Campus Demands
July 3, 2026
Transcript
The Standard
March 21, 1971
It is rather paradoxical that at the time, when the Prime Minister has been appealing to both students and tutors to discipline themselves, the wave of students’ demonstrations is on the increase. Within two weeks we have witnessed two demonstrations in two Secondary Schools at Tarkwa and Mampong/Ashanti and one in the University of Ghana, Legon.
These students’ demonstrations have been staged because of certain grievances and demands which the students purport to have made on the authorities and which the authorities are said to have ignored.
Obviously, the traditional way of settling crises in the schools and the Universities in Ghana by condemning students has failed to remove the causes of student demonstrations in the country. Whereas students’ demonstrations may not cease to exist for good, it is felt that a great deal would have been achieved if the causes of such demonstrations were carefully probed into and the culprits – be they students or tutors- properly dealt with on the strength of the results of such investigations.

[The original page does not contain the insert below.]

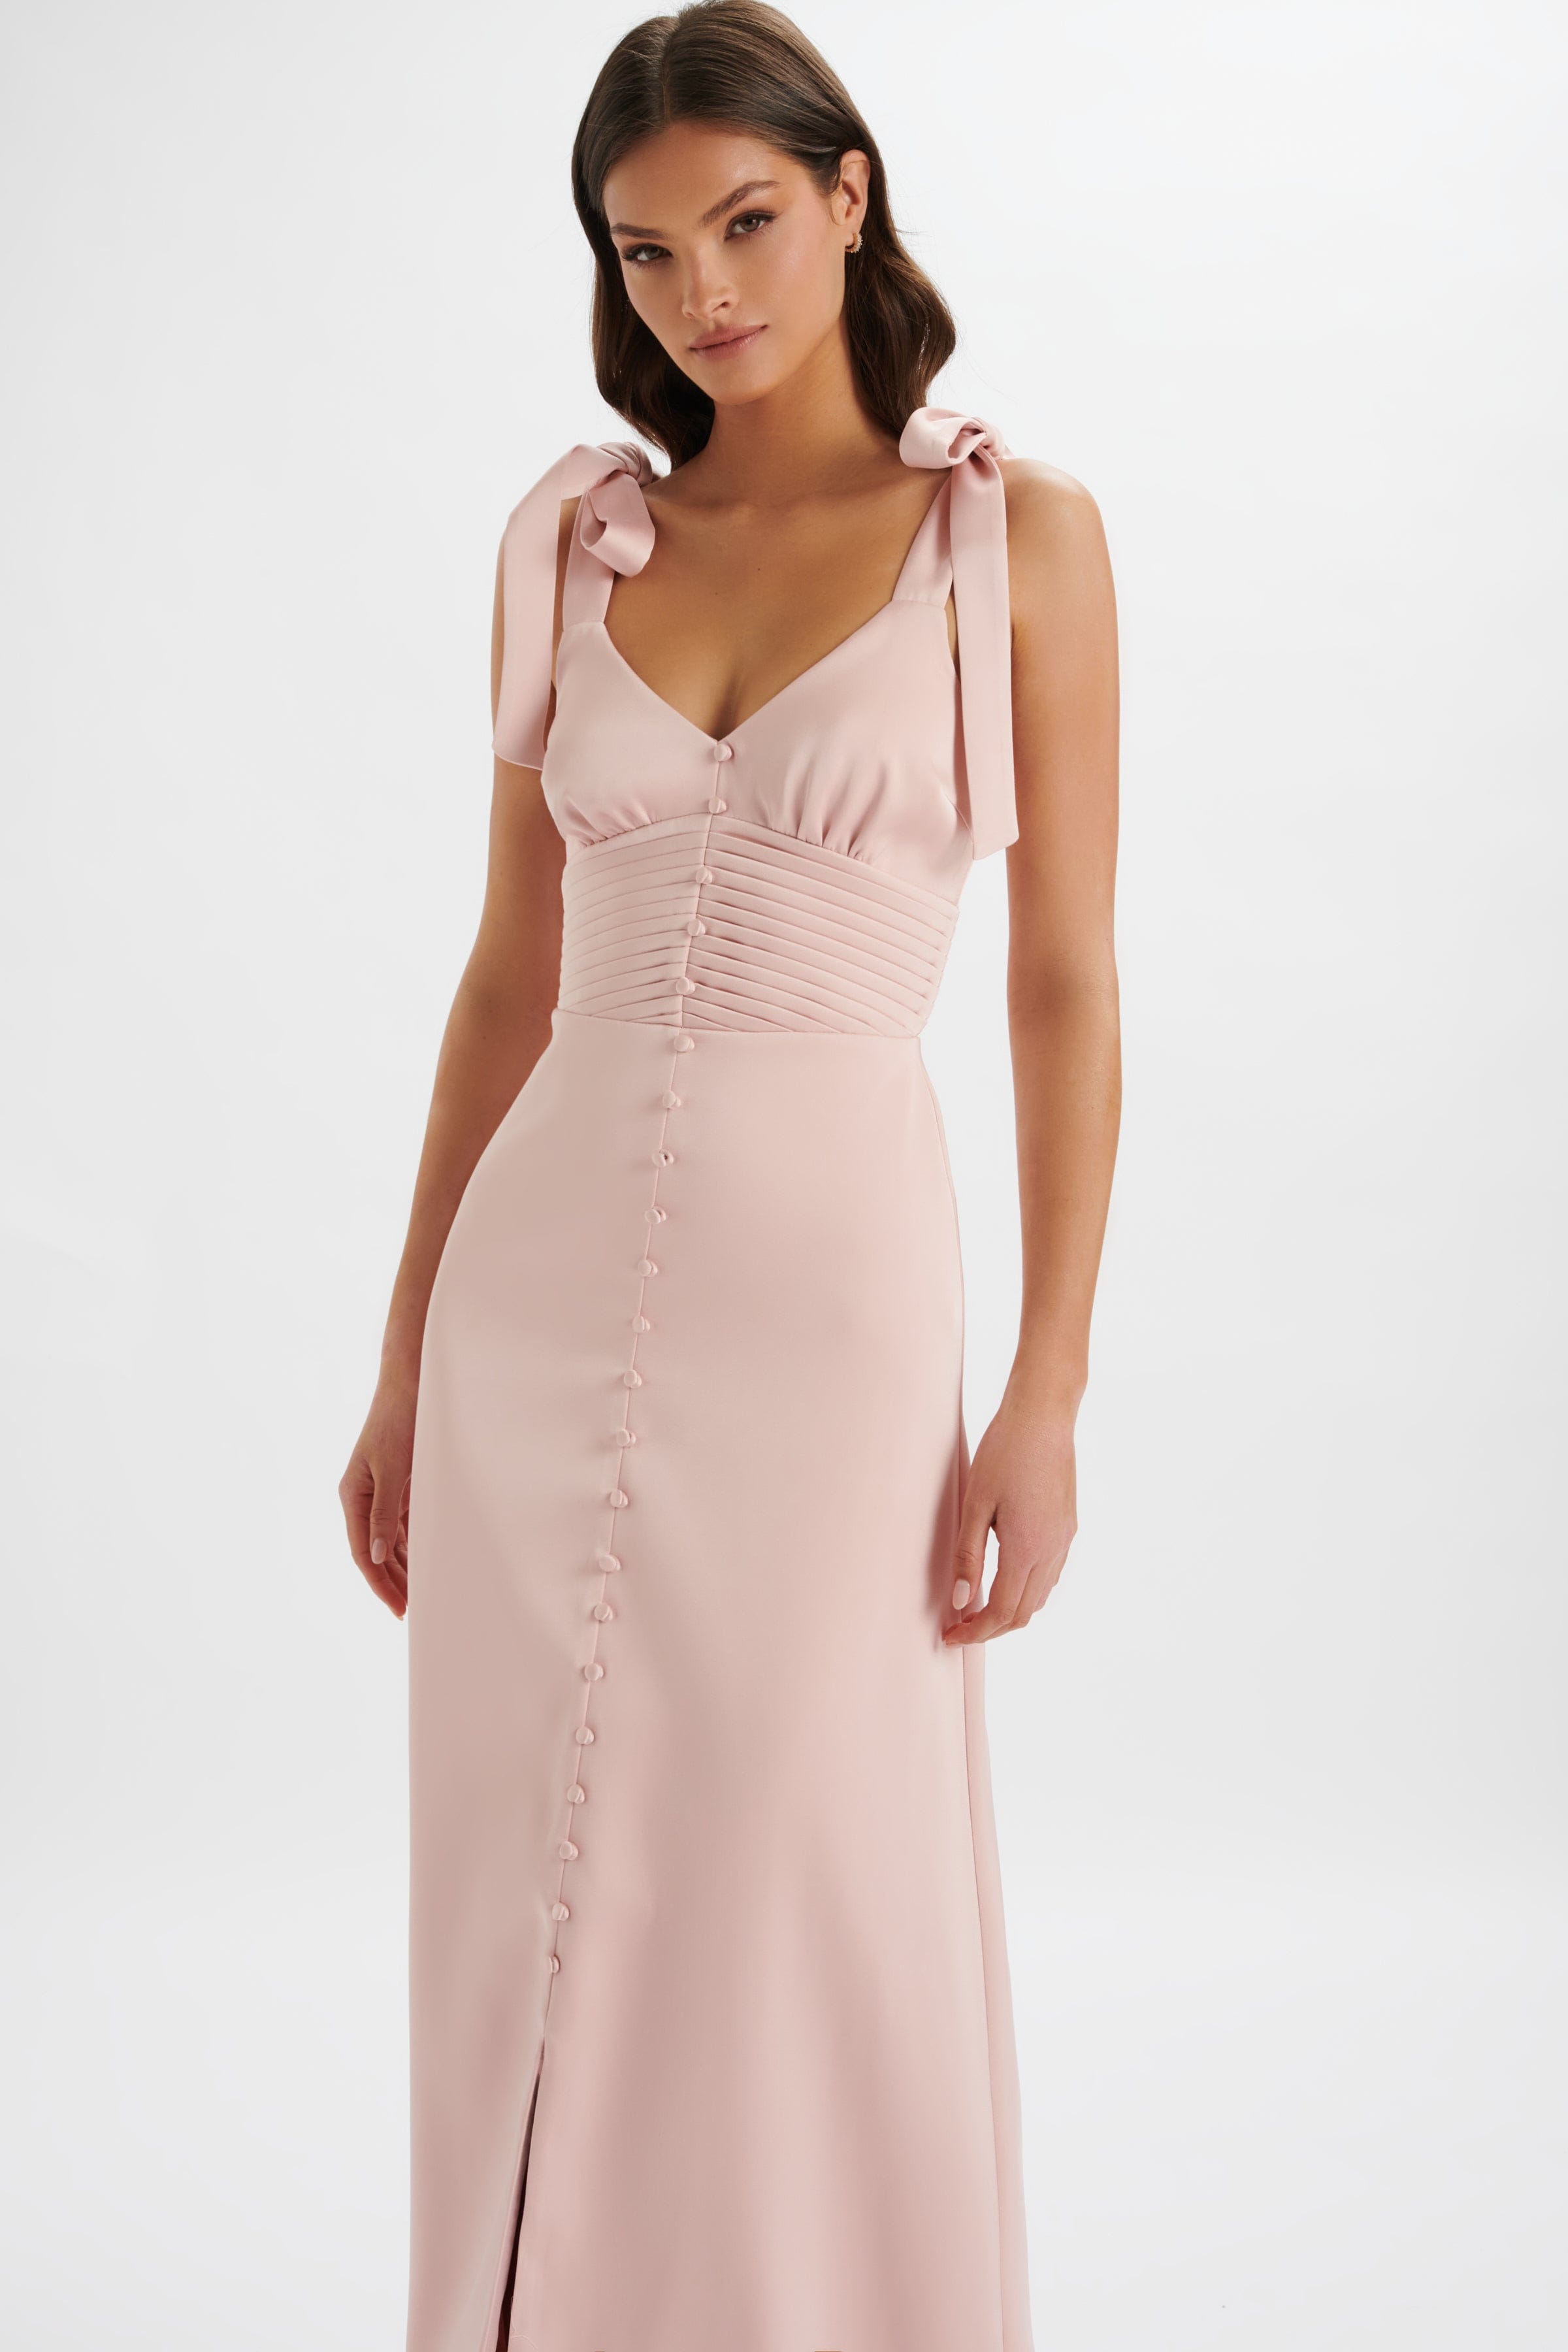 REVE Satin Tie Shoulder Maxi Dress in Pink

In themselves, students’ demonstrations are a wild means of selling student-tutor disputes in the schools. Such a manner of settling disputes in an institution, which is charged with the responsibility of training people to become responsible citizens cannot be entertained by anybody who believes r in discipline. However, the real not problems or the causes of the dispute in the schools are not resolved merely by blaming everything on the students.
One possible way of checking the rise in students’ demonstrations may be found in the employment of sociologists and psychologists as advisers to the school-authorities and the Board of governors. These specialists would be in the position to study the social and psychological atmosphere in the school which more often than not germinates these demonstrations. They could also advise students on some of their demands which are at times beyond the means of their authorities.
Students have been demanding that they should be represented on such bodies as the University Council and the Academic Boards. Perhaps these students could be advised to learn from the experiences of students in other Universities outside Ghana. Such students’ representations have often proved a failure because the deliberations which are made by these University bodies are beyond students’ competence. Besides, the meetings of these bodies consume so much of the students’ precious time that the students themselves are withdrawing their representations. It would be advisable for students to limit themselves and their demands to those areas of educational matters which affect them directly and for which they have the competence.
A mere representation on such bodies as the University Council and Academic Boards makes a mockery of students’ demands for democratic practice in the Schools and Universities.